Granted, the Shakespeare plays (updated to include ‘contemporary’ themes and ‘modern sensibilities’ – of course) were always going to be a hard sell for me. But the rest? How else to say it other than it’s not really my idea of a good time to have to sit in a heavy-handed ‘lecture theater’ for two hours, squirming in my seat all the while, while I’m ‘educated’ on all and sundry ‘issues’.
Being a State Government-funded theater company, I understand part of it’s ‘charter’ is going to be shining a light on some of the issues of the day,consciousness raising’ if you will. But this malarkey is too much. Too woke. Too UNLIKE entertainment. Too difficult to plough through.
I’d settle for an old-fashioned murder mystery, thriller or comedy… even a musical, just to break up the unrelenting heaviness of all this… this…I don’t know… ruminating blather? Maybe something like –

Sorry Queensland Theatre. There won’t be a 2024 season renewal from me. If I want to be across all the firestorms and issues of the day – which I believe I am – it’s far easier and cheaper to just switch on ABC radio or television.

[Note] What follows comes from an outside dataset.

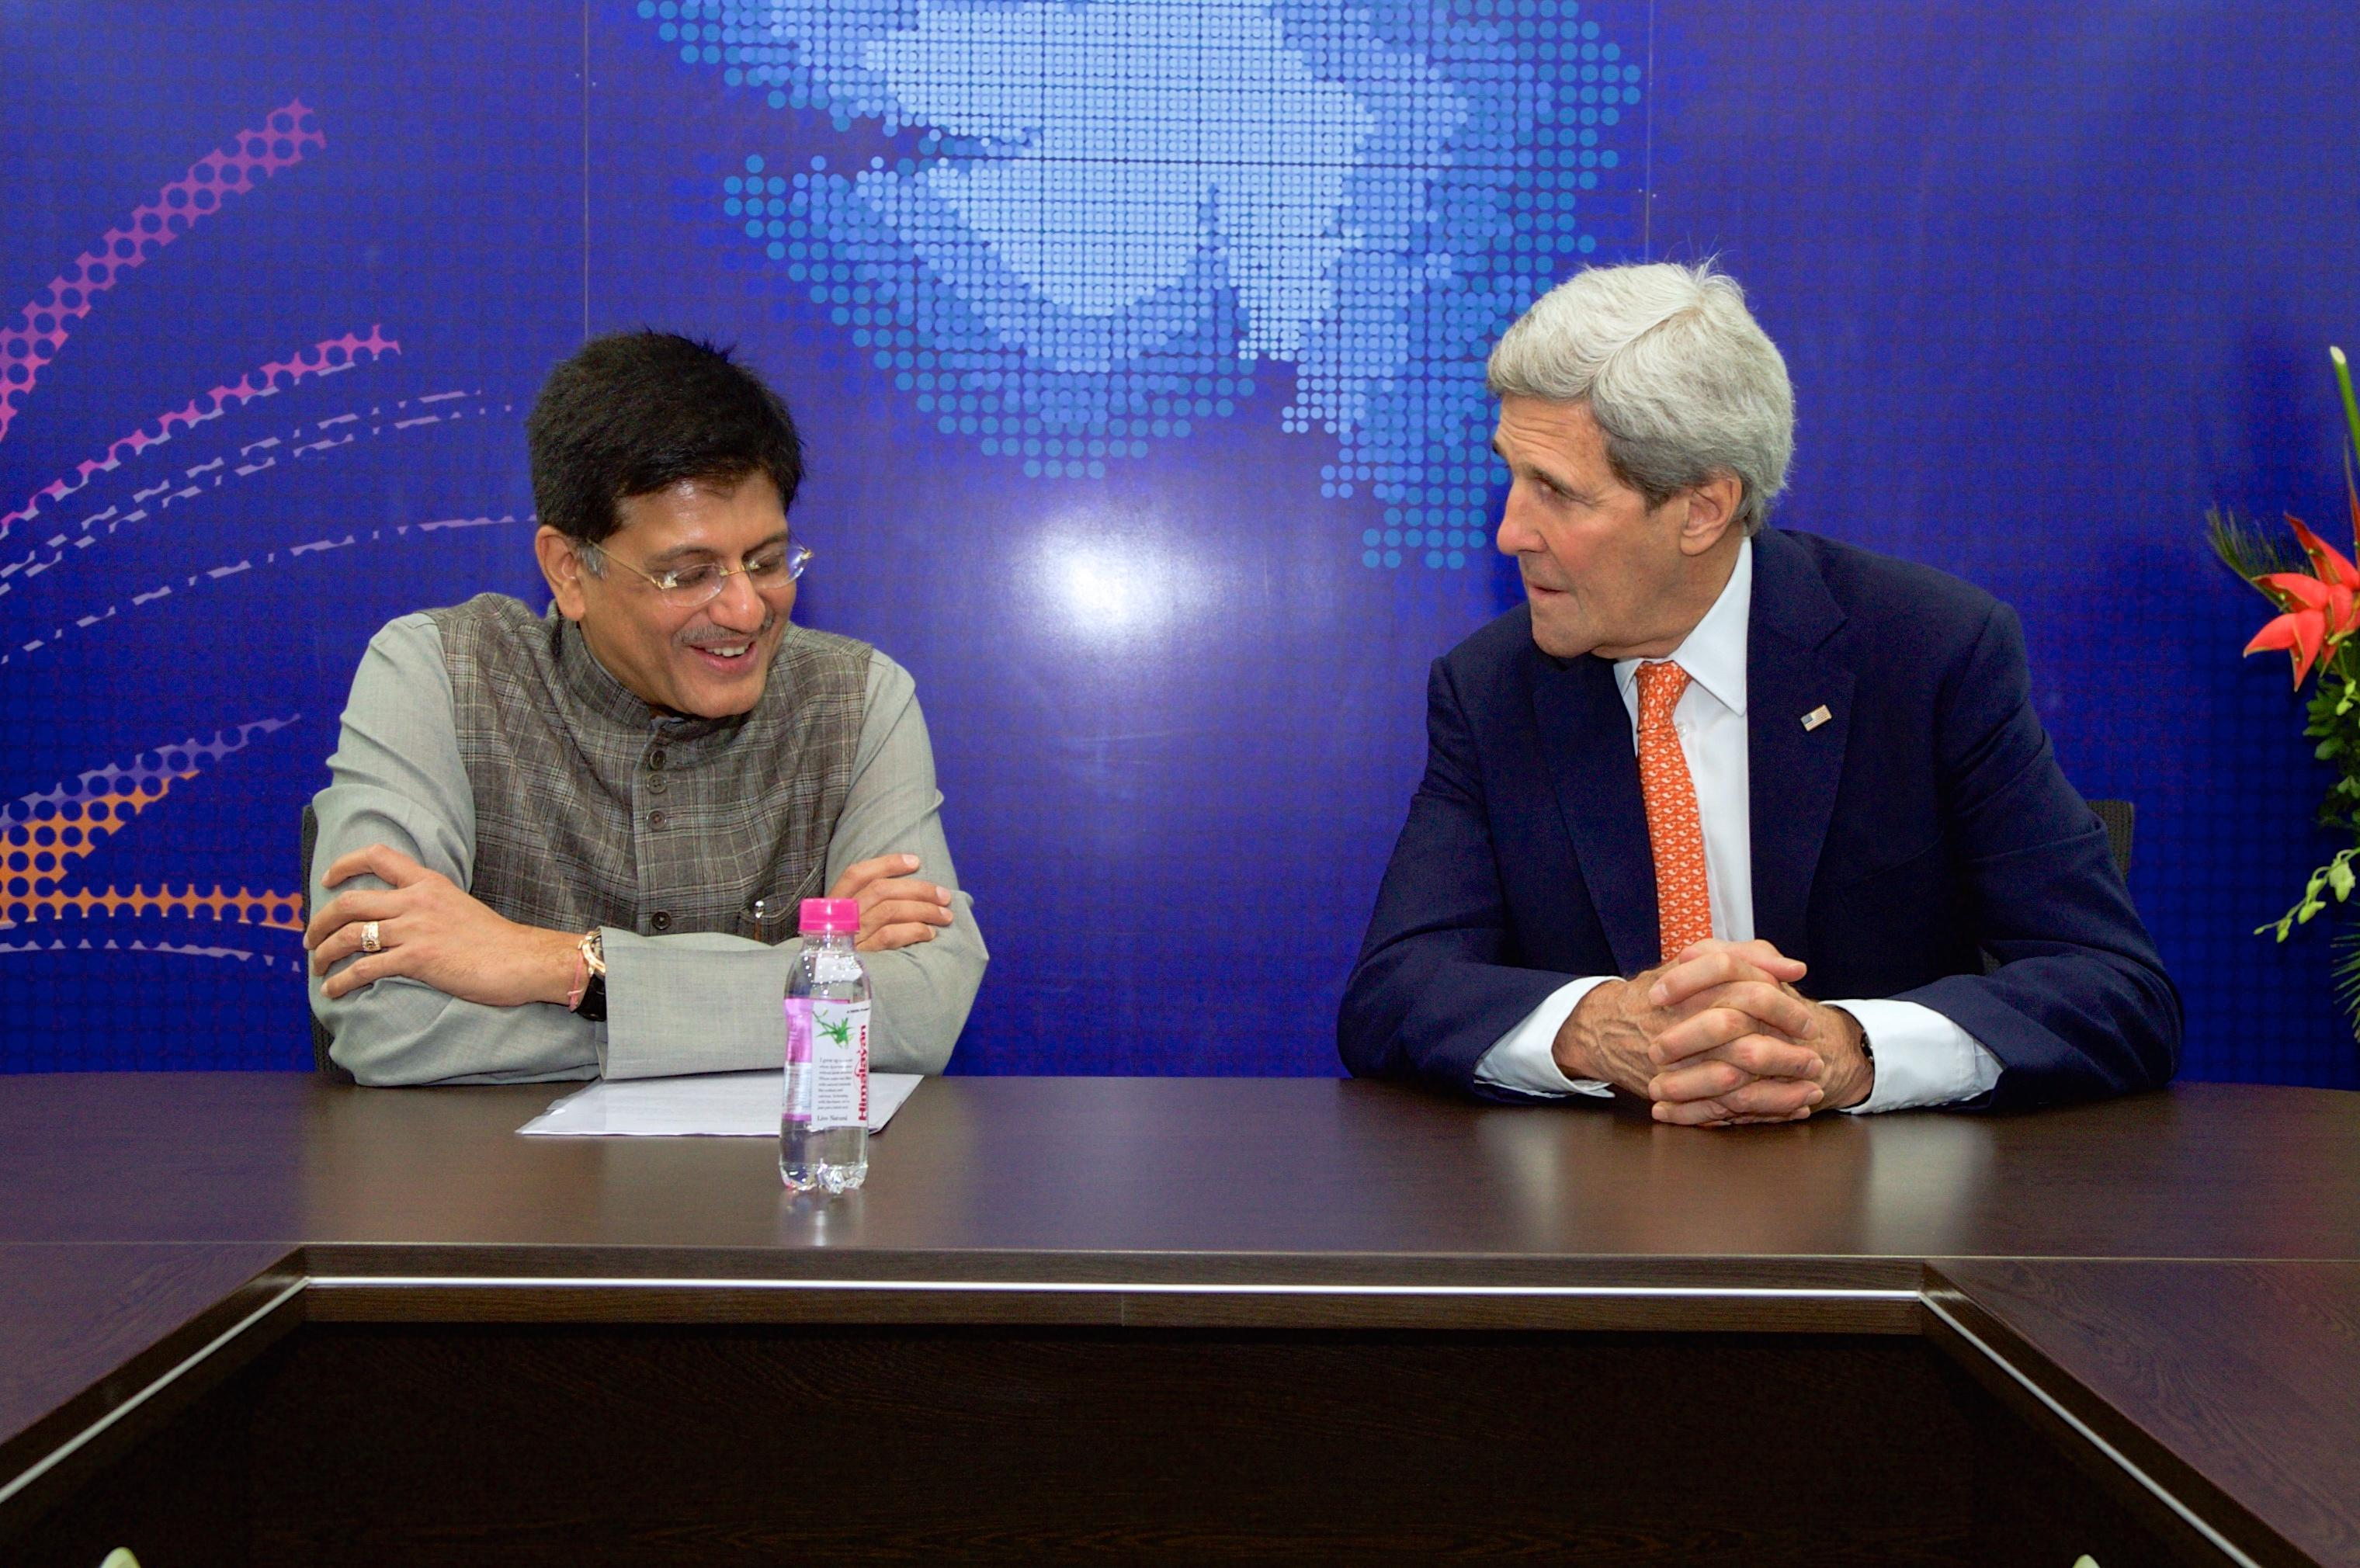 Commerce and Industry Minister Piyush Goyal (left) with former US Senator John Kerry. Photo courtesy: Wikimedia

With this off my chest it’s time for a stiff lemonade and something I know will entertain me – not try to educate me.

This 1977 masterpiece of a movie should do the trick nicely…

Ready for your HAPPY DAYS hit? Then better click HERE.

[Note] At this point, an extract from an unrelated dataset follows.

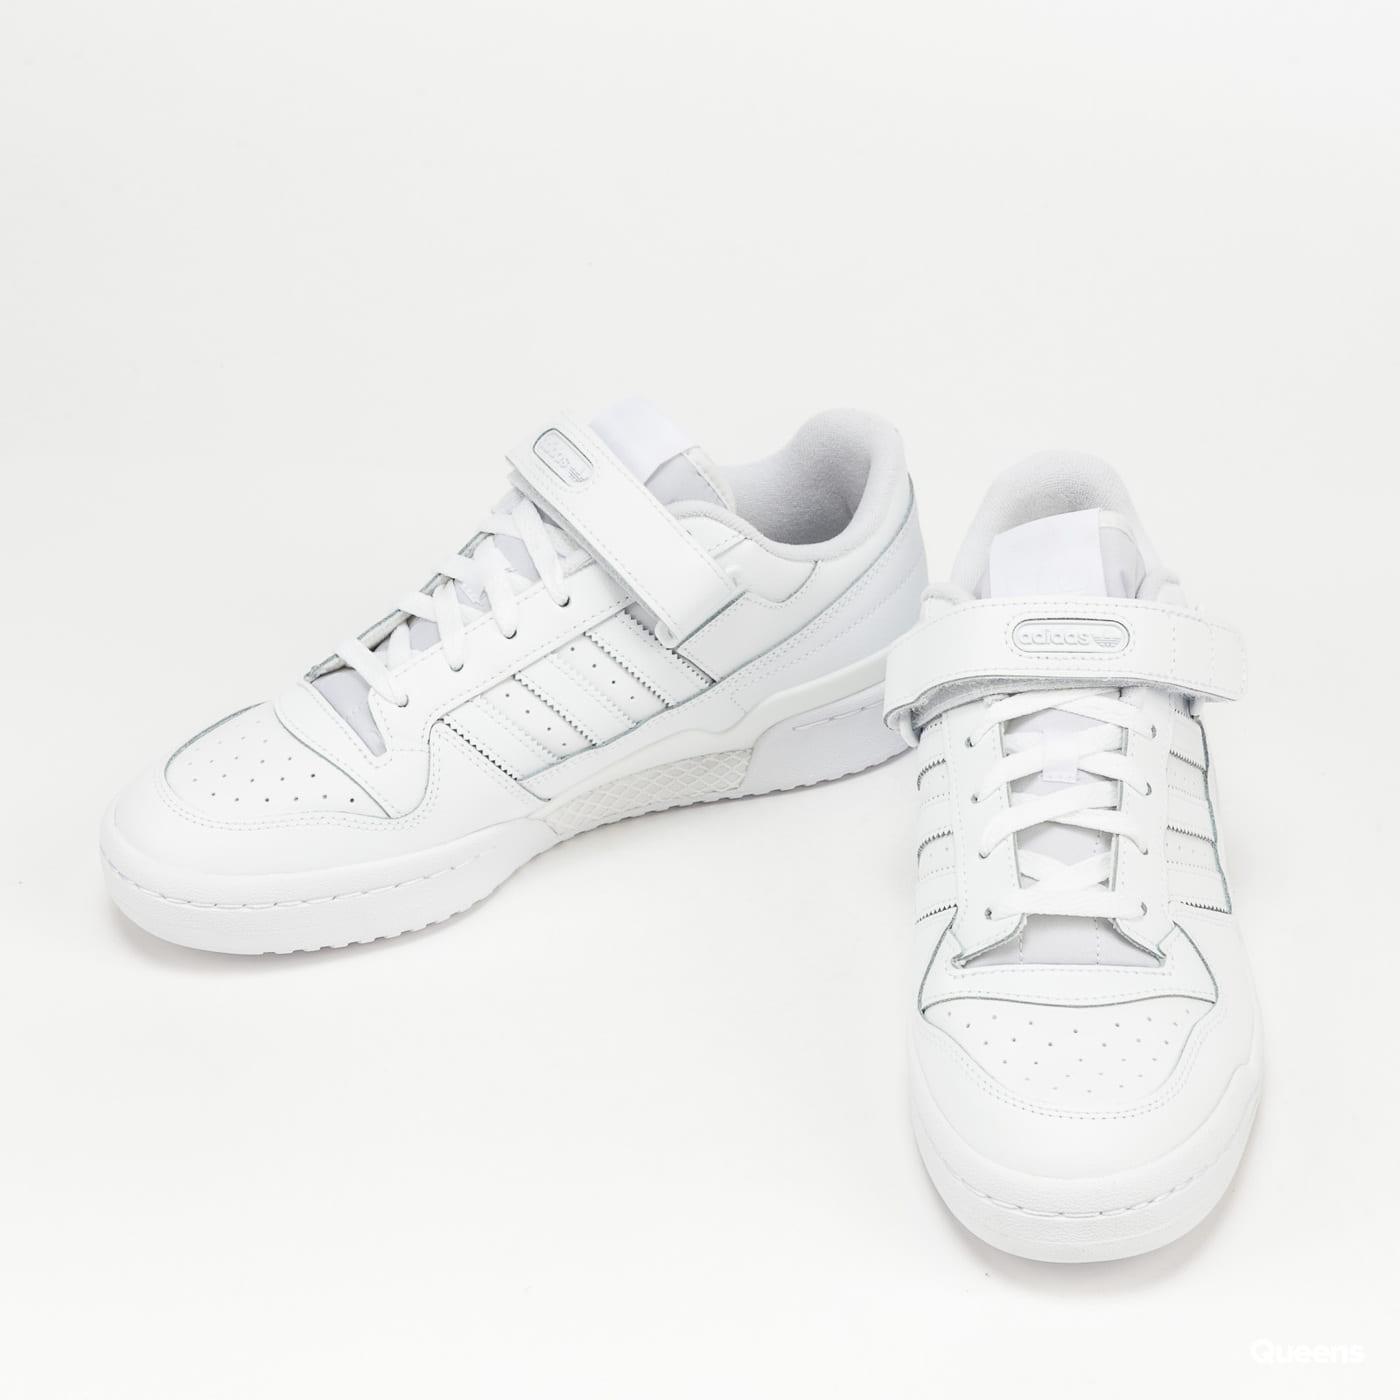 adidas Originals Forum Low ftwwht / ftwwht / ftwwht

5 thoughts on “Why I Won’t Be Renewing My Queensland Theater Subscription

  1. I don’t understand why nobody comments on things like this! My head is almost bursting at the seams to commiserate with you, Glen! I do NOT want to be lectured to when I’m seeking entertainment. Like you said, once in a while, okay. Sure. But not every single damn time. Noooooooooo. Kudos to you for giving it a try. Maybe they’ll slip back into some topics that are actually interesting once wokeness starts to die away! If people wanna know what I’m about, all they have to do is ask about my pronouns, and I’ll say whatever you want. I know who I am, and that’s all that matters! 🙂

  2. Thank you so much for saying that Stacey.

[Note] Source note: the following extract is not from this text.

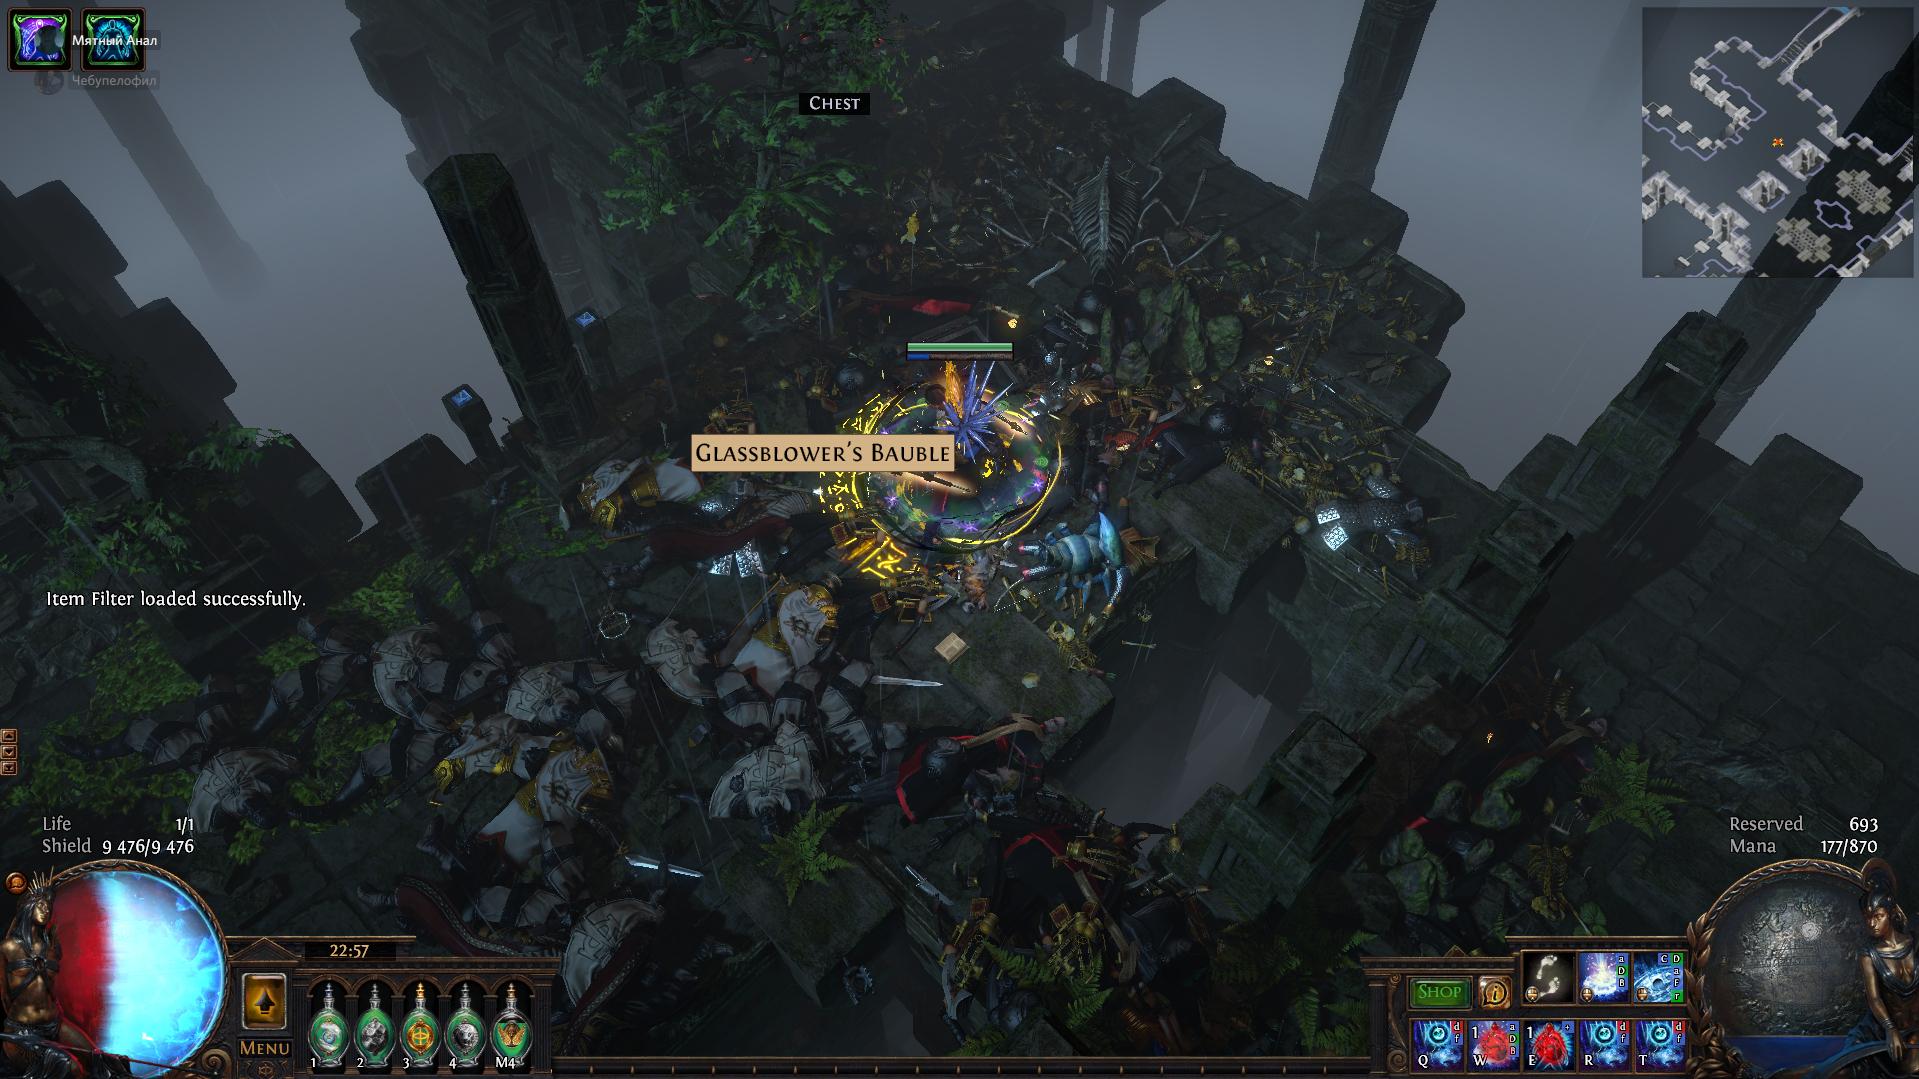 Steam Community :: Guide :: Гайд для новичков по Path of

    In 2024 I’ll still be going out to ‘shows’ and maybe even the odd live piece of theater, but as far as taking out an annual ‘all eight plays included’ subscriber package, that clunker experiment is done.

    In fact, I’ve already booked my first event for next year – and it’s tailor-made for me I reckon. You know how I’m the original HAPPY DAYS fan? (Of course you do – you’ve supported that site from the get go) Guess who’s touring Australia next year bringing his one-man memoir tour with him?

    HENRY WINKLER – that’s who!
    And I’ll be seven rows from the front in February next year.
    https://www.qpac.com.au/event/henrywinkler_24

  3. I used to go to see an occasional matinée at the Bille Brown Studio back in the day as an alternative to my duties as a film critic. The trick was to see a classic—Tennessee Williams, Mamet, Ibsen. I was never disappointed in that fare, even with a postmodern (re)interpretation. But of course, in those days the luvvies didn’t feel quite so emboldened to make an overtly political battleground of the theatre.

    I agree that it is tiresome, but it’s more apposite to note that you tried the QTC as an alternative to the cinema: Anyone who is still throwing their money away on anything coming out of Hollywood has, incredibly, still not the memo that the American cultural imperium is dead. We need a new literature, a new theatre, a new cinema, but it won’t come from ‘popular entertainers’, Glen, for they are merely flogging the dead horse for the last weak residuals of profit.

    The New Culture will come from a priestly class of artists who are earnestly exploring the pathologies of postmodernity. In the good signal they provide as to what is actually going on, they will organically draw a popular audience to them, and then we will have the possibility of an artistic renaissance.